In [479]: x.item()                                                                             
Out[479]: 21
In [480]: x.ndim                                                                               
Out[480]: 0

In

x = np.load(lc_path, allow_pickle=True)[()]

most likely the np.save was given a non-array; and wrapped in a 0d object dtype array to save it. This is a way of recovering that object.

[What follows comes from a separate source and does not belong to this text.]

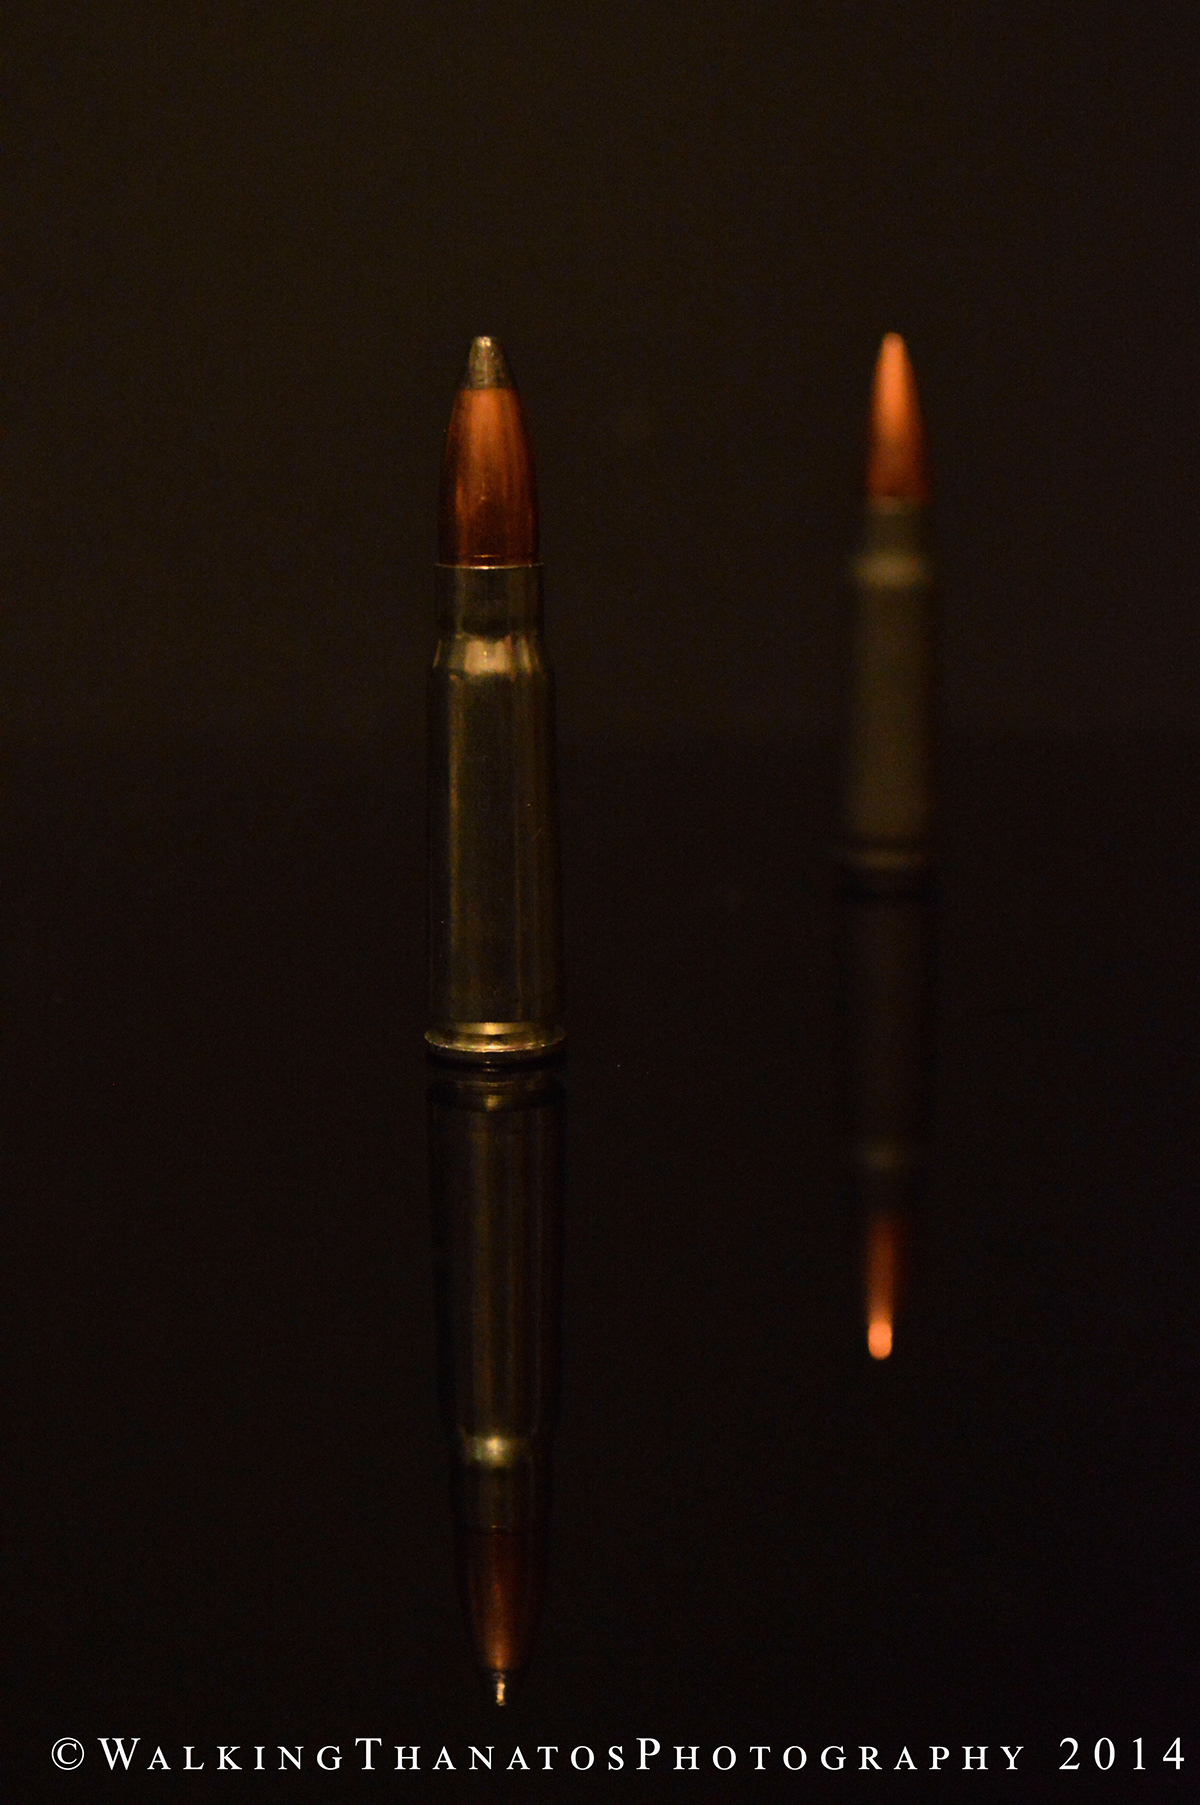 Bullets Ammo Firearms cartridge case/shell projectile lead hollow point gun powder

In [481]: np.save('test.npy', {'a':1})                                                         
In [482]: x = np.load('test.npy', allow_pickle=True)                                           
In [483]: x                                                                                    
Out[483]: array({'a': 1}, dtype=object)
In [484]: x.ndim                                                                               
Out[484]: 0
In [485]: x[()]                                                                                
Out[485]: {'a': 1}

In general when we index a nd array, eg x[1,2] we are really doing x[(1,2)] , that is, using a tuple that corresponds to the number of dimensions. If x is 0d, the only tuple that works is an empty one, () .

That's indexing the array with a tuple of 0 indices. For most arrays, this just produces a view of the whole array, but for a 0-dimensional array, it extracts the array's single element as a scalar.

In this case, it looks like someone made the weird choice to dump a non-NumPy object to an array with numpy.save , resulting in NumPy saving a 0-dimensional array of object dtype wrapping the original object. The use of allow_pickle=True and the empty tuple index extracts the object from the 0-dimensional array.

They probably should have picked something other than numpy.save to save this object.